Using these breakers meant I needed to design a breaker panel, since there aren’t ready-made panels, like there are for automotive fuses. Luckily, I had a small cubby in the front of this vehicle that was a good location for such an addition, and a 3D printer to make the parts I needed. Tinkercad is awesome. The link below is my final print design:
https://www.tinkercad.com/things/km6JRfTmtrC/edit
On my last install, I needed accessory power not only in the front for control heads, but I wanted to turn some other radios on and off in the back, which presented challenges. In this case, i didn’t have ignition wires on those radios, so i needed to turn the actual radio on and off – and I didn’t have accessory power in the back. This drove the overall design concept for power on future installs.
(a short aside… at one point I DID implement a standard parallel bus, which included GPS serial data, ignition power, and other discretes on a standardized connector. This worked for low current switching, but I have not brought this design back because I did not utilize it beyond some minimal extent while I had it)
Now, with regard to power capacity for the ACC circuit – I used a 10A add-a-circuit tap, but it directly drives a 1A circuit breaker, just because I’m using it as a discrete only. the two relays shown draw significantly less than 1A for coil current. There’s several reasons for this arrangement over powering things directly form the add-a-circuit. One of the best examples of why is my CB radio (yes I still use one of those). When powered from a cigarette lighter socket, I noted a LOT of noise on the radio when accelerating, which is pretty normal for this arrangement. AM radios, by their nature, are sensitive to this, and it’s a conducted issue, meaning i would have to install some filtering to combat the noise that is, you guessed it, AMPLITUDE modulated on the DC power lines. By powering the radio from the battery as directly as possible, the battery will serve as a filter to keep this engine noise off the CB powerlines (or to minimize it). For FM or digital radios, this really shouldn’t be an issue, thus why the professionals can generally get away with powering lower powered (<10A) radios from an add-a-circuit and calling it a day.
Now, I had to think this one through…. why would a line direct to the battery versus a tap on the fuse panel make a difference? The short answer is capacitance and wire resistance. First of all, the battery looks like a VERY large capacitor to filter noise off the power lines. The resistance on the wires between the noisy loads, the alternator (which generates the noise) , and the battery, keeps the battery from being able to filter the entire system. The CB will be closer to the noisy powerlines than it will to the filter. By taking a power supply direct to the battery, the noisy circuits are generally filtered by the battery before the power makes it to the radio.

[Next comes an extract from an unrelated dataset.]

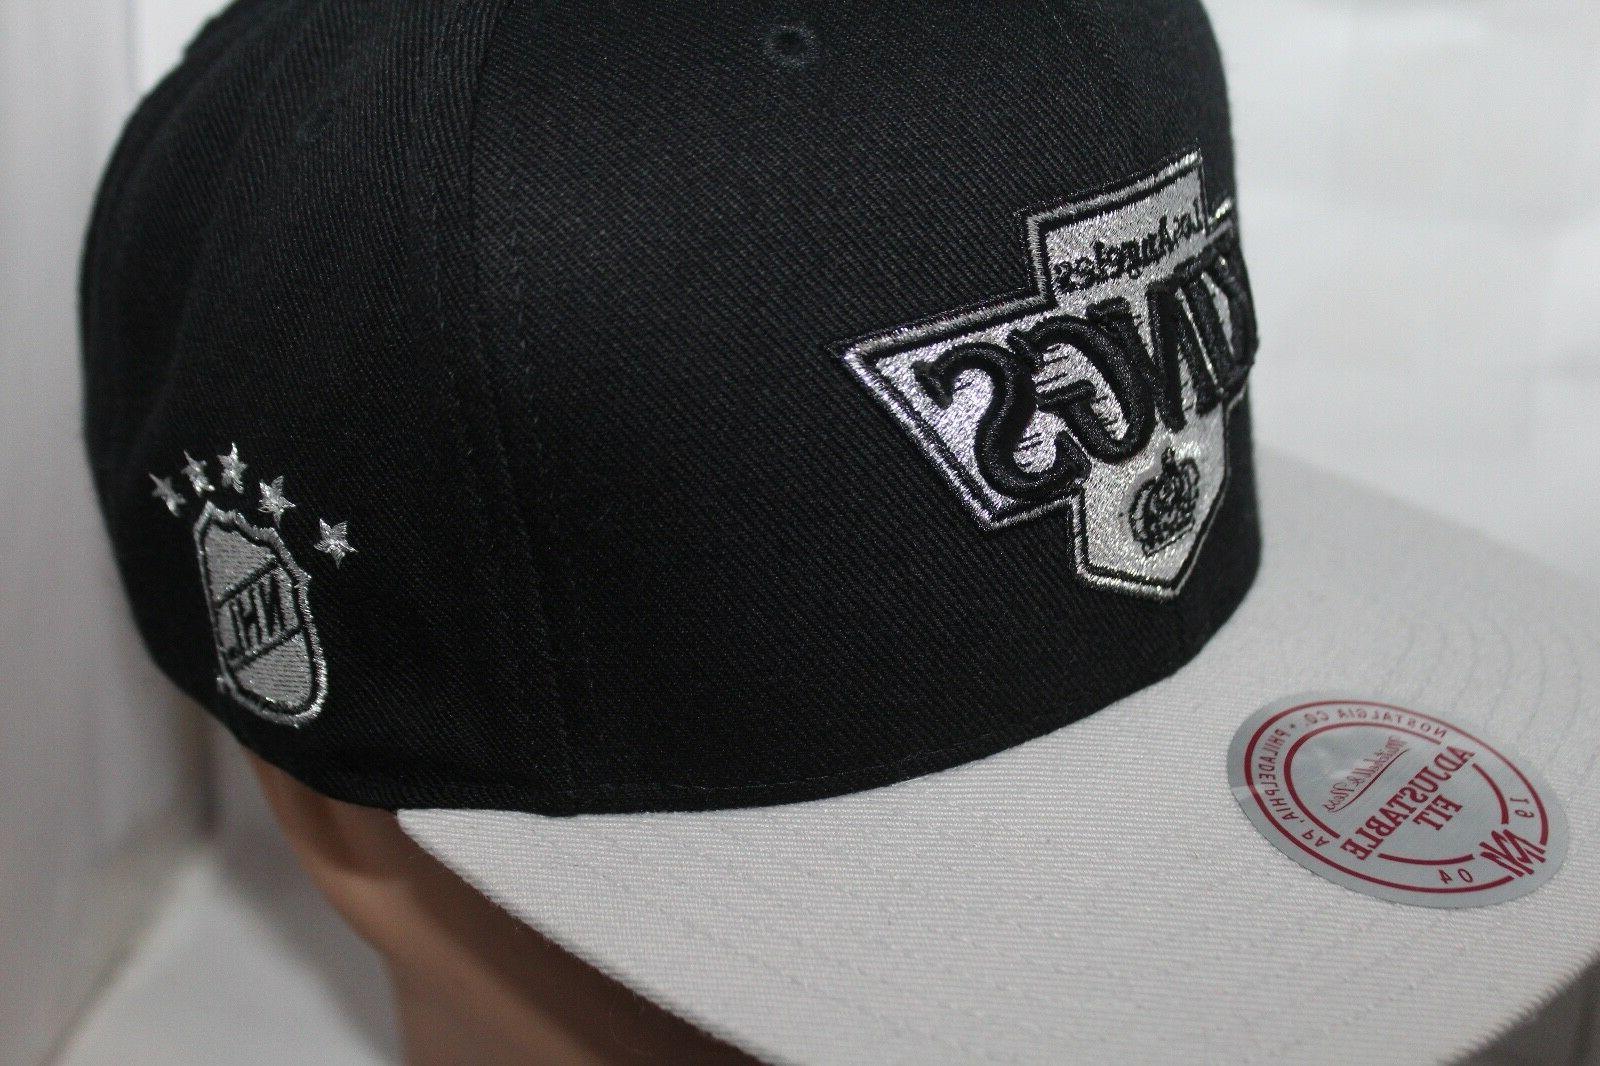 Los Angeles & Tone SnapBack,Hat,cap $ 31.99 NEW
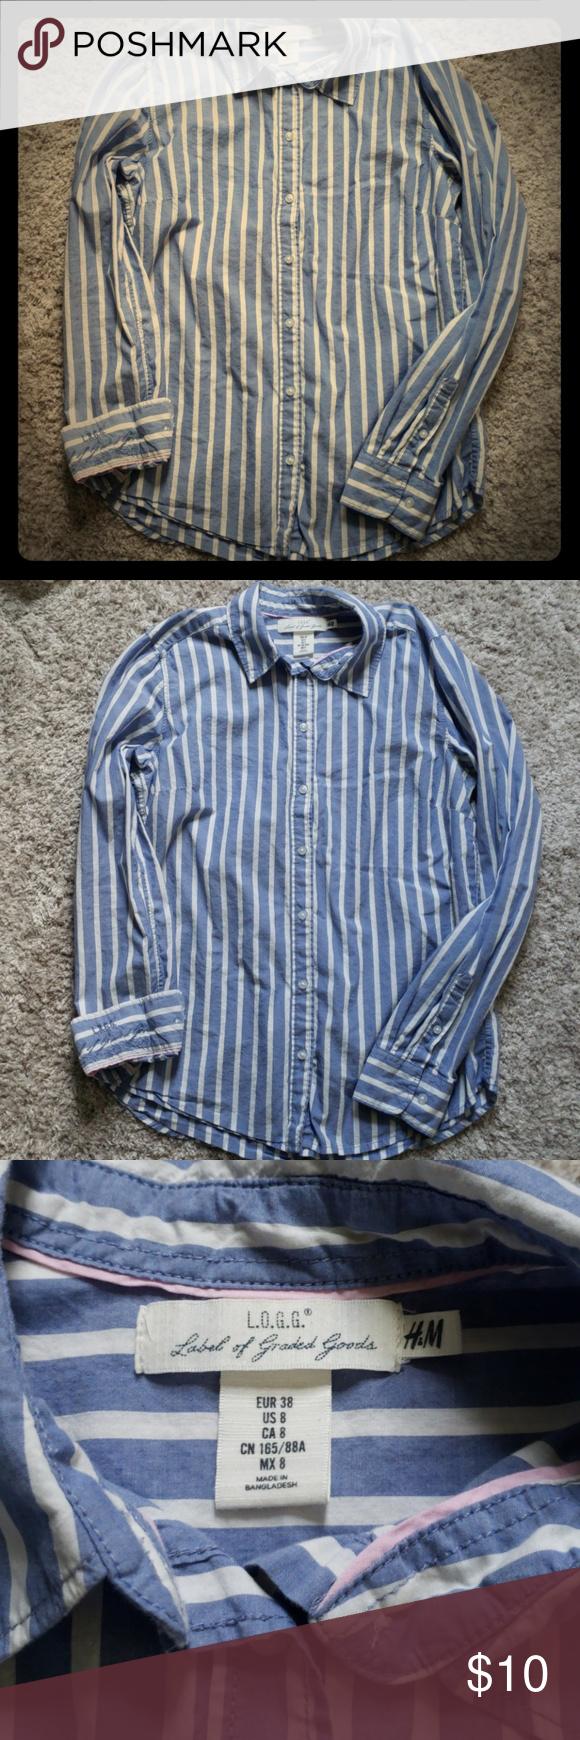 7d760ca2c8 H&M L.O.G.G. button down shirt Size 8 H&M L.O.G.G. button down shirt ...

Now, the above diagram is simplified, and omits a lot of things, but the minimal wire resistance shown (and it is probably MILLIOHMS at the MOST) is enough to set up a voltage that will easily modulate the front end of the radio shown at the top of the drawing, versus the one at the bottom.
Next installation of this saga, I’ll probably ramble about physical equipment installation…. maybe more power stuff… antennas…. who knows.